Dalam kebudayaan masyarakat setempat makna kebiasaan mengunyah sirih pinang memiliki pengaruh yang besar yang juga menandakan tanda keakraban dan keramahan lingkungan. Ketika berkunjung bertamu ke rumah-rumah orang misalnya, suguhan paling pertama dari tuan rumah sebelum teh atau kopi adalah sirih pinang. Sehingga Sirih Pinang hal yang tidak bisa dipisahkan dari corak kehidupan masyarakat Timor. Sirih pinang hampir dapat dijumpai di pasar-pasar tradisional yang ada setiap jadwal hari-hari pasar dalam sepekan , adapun sirih pinang pun dihargai dari 5000-an hingga belasan ribu rupiah.
Di perhelatan acara hajatan, pesta, kedukaan, suguhan pertama menyambut para tamu undangan, pastilah sirih pinang. Setelah jamuan makan, tanda pamit pun pun kembali dengan makan sirih pinang.
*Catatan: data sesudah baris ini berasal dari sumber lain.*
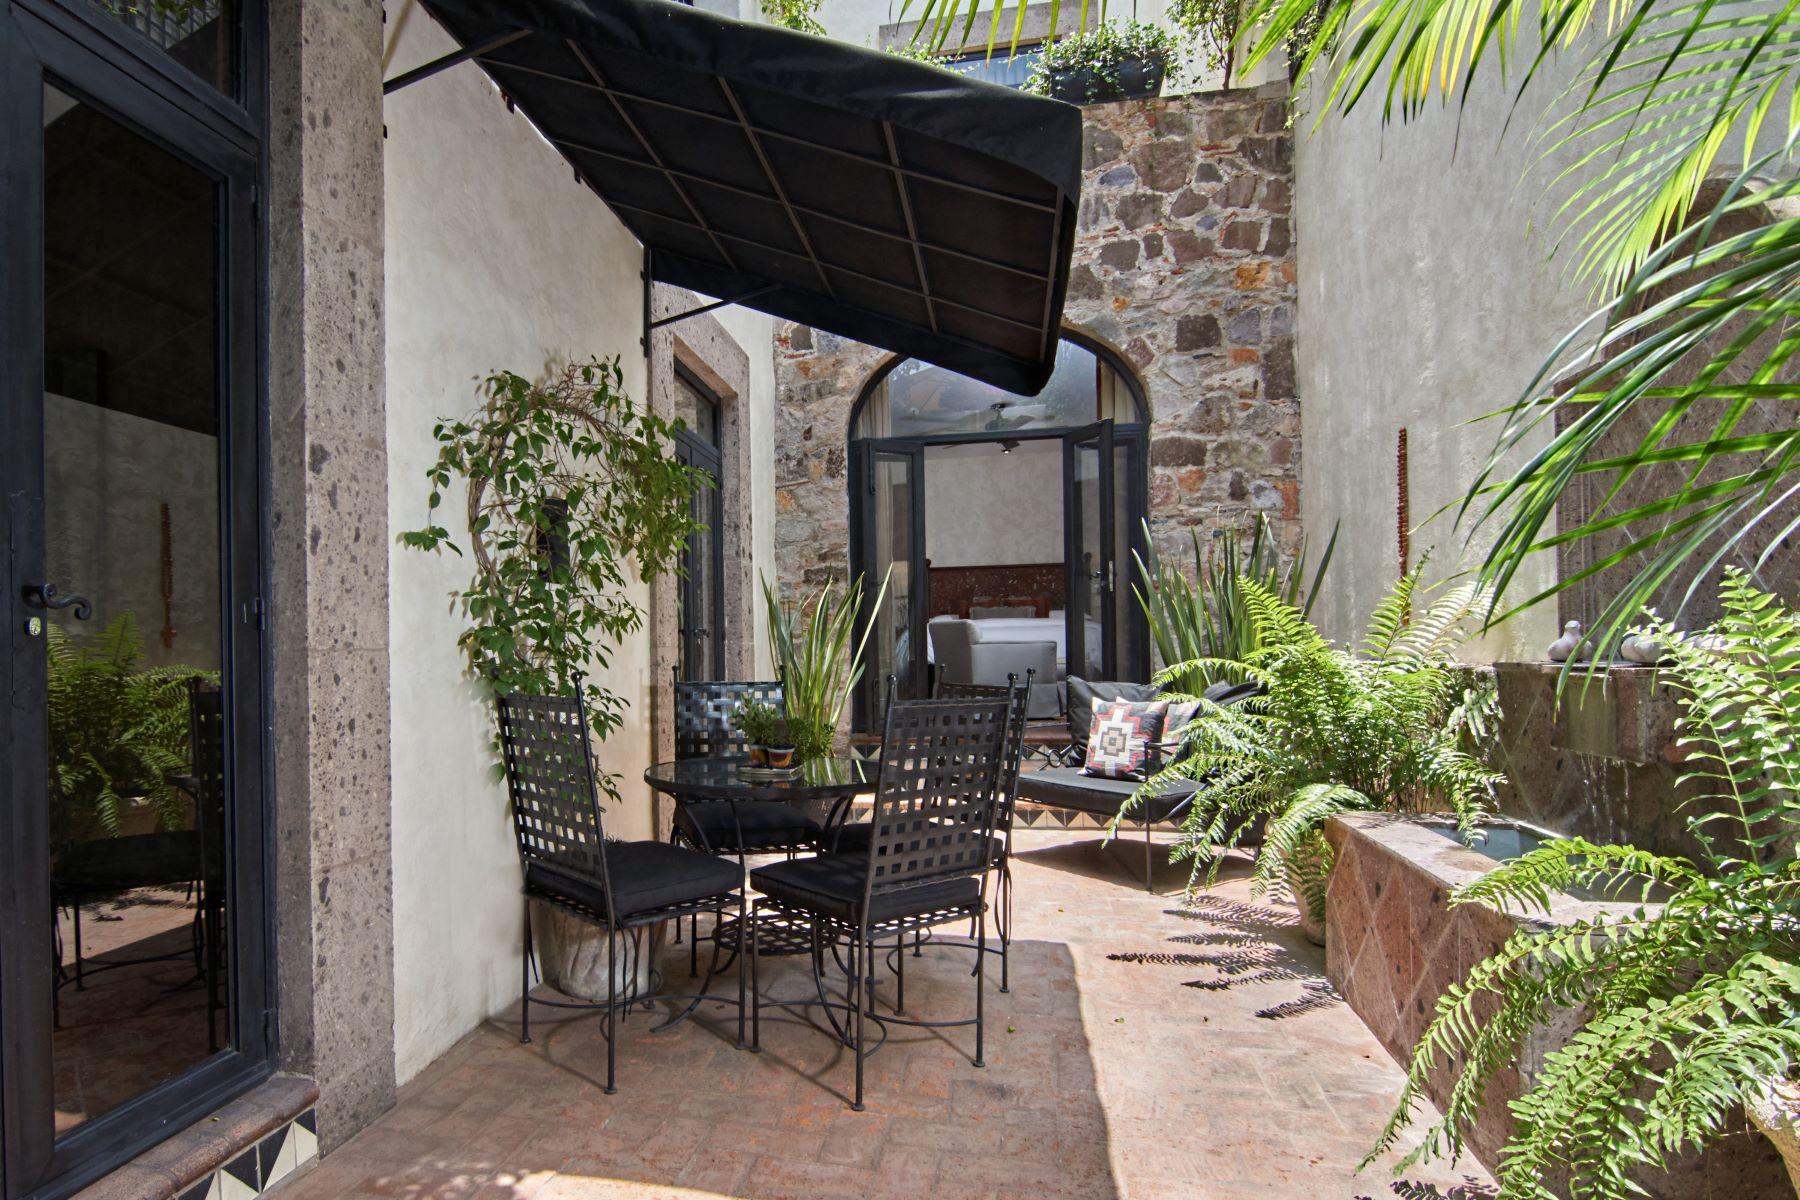 Additional photo for property listing at Casa Corazon Terraplen 36 San Miguel De Allende, Guanajuato 37700 Mexico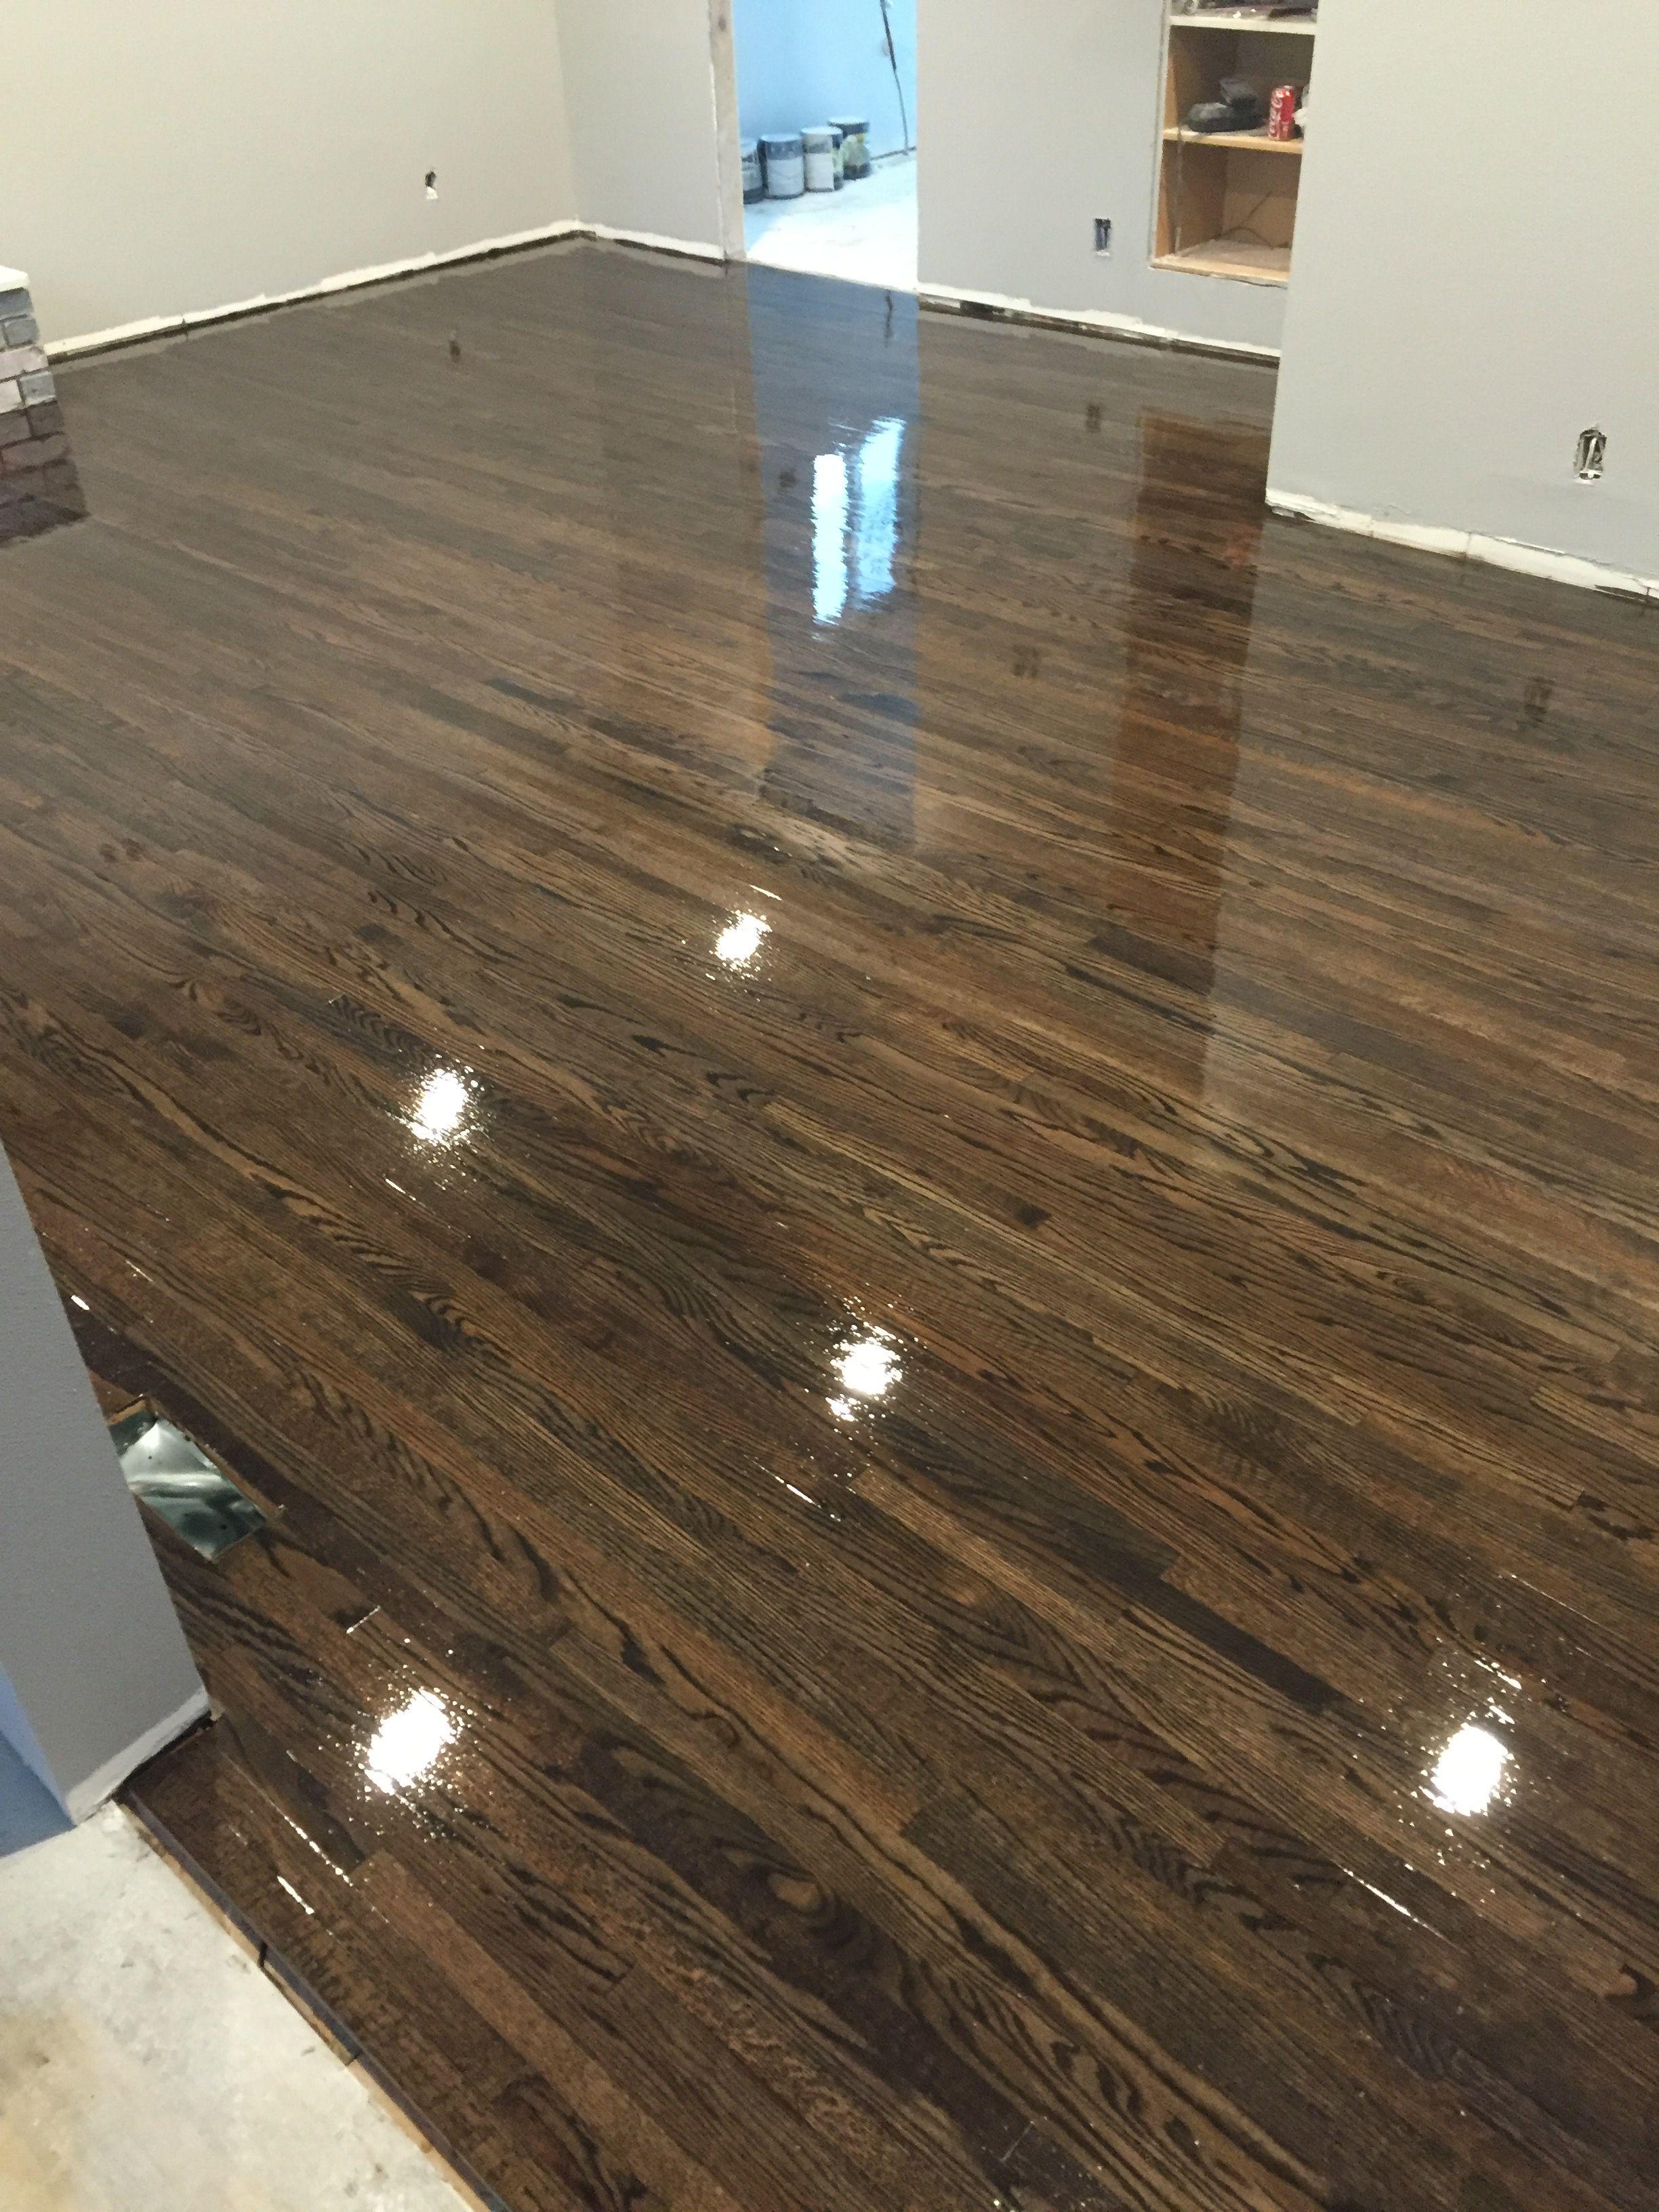 Ebony Red Oak Floor 1 Red oak floors, Oak wood floors

“Keberadaan sirih pinang sangatlah nampak ketika warga menggelar hajatan seperti pesta pernikahan. Prosesi sebelum benar-benar sampai pada tahap pernikahan, keluarga kedua calon mempelai biasanya mengadakan pertemuan makan sirih pinang. Salah satu tujuan acara ini yaitu saling mengenalkan dan mengakrabkan sanak keluarga laki-laki dan perempuan” jelas Ustadz Masrin da’i setempat yang menemani perjalanan kami ketika di pedalaman Timor.
Bahkan ketika hari akad pernikahan akan digelar, cara tuan rumah yang akan mengadakan pesta akan mengundang para tamu juga unik, yakni dengan mengirim sepaket sirih pinang kepada setiap calon undangan. Jika calon undangan menerima paket tersebut, maka undangan itu dianggap sah dan si penerima berkewajiban menghadiri pesta pernikahan.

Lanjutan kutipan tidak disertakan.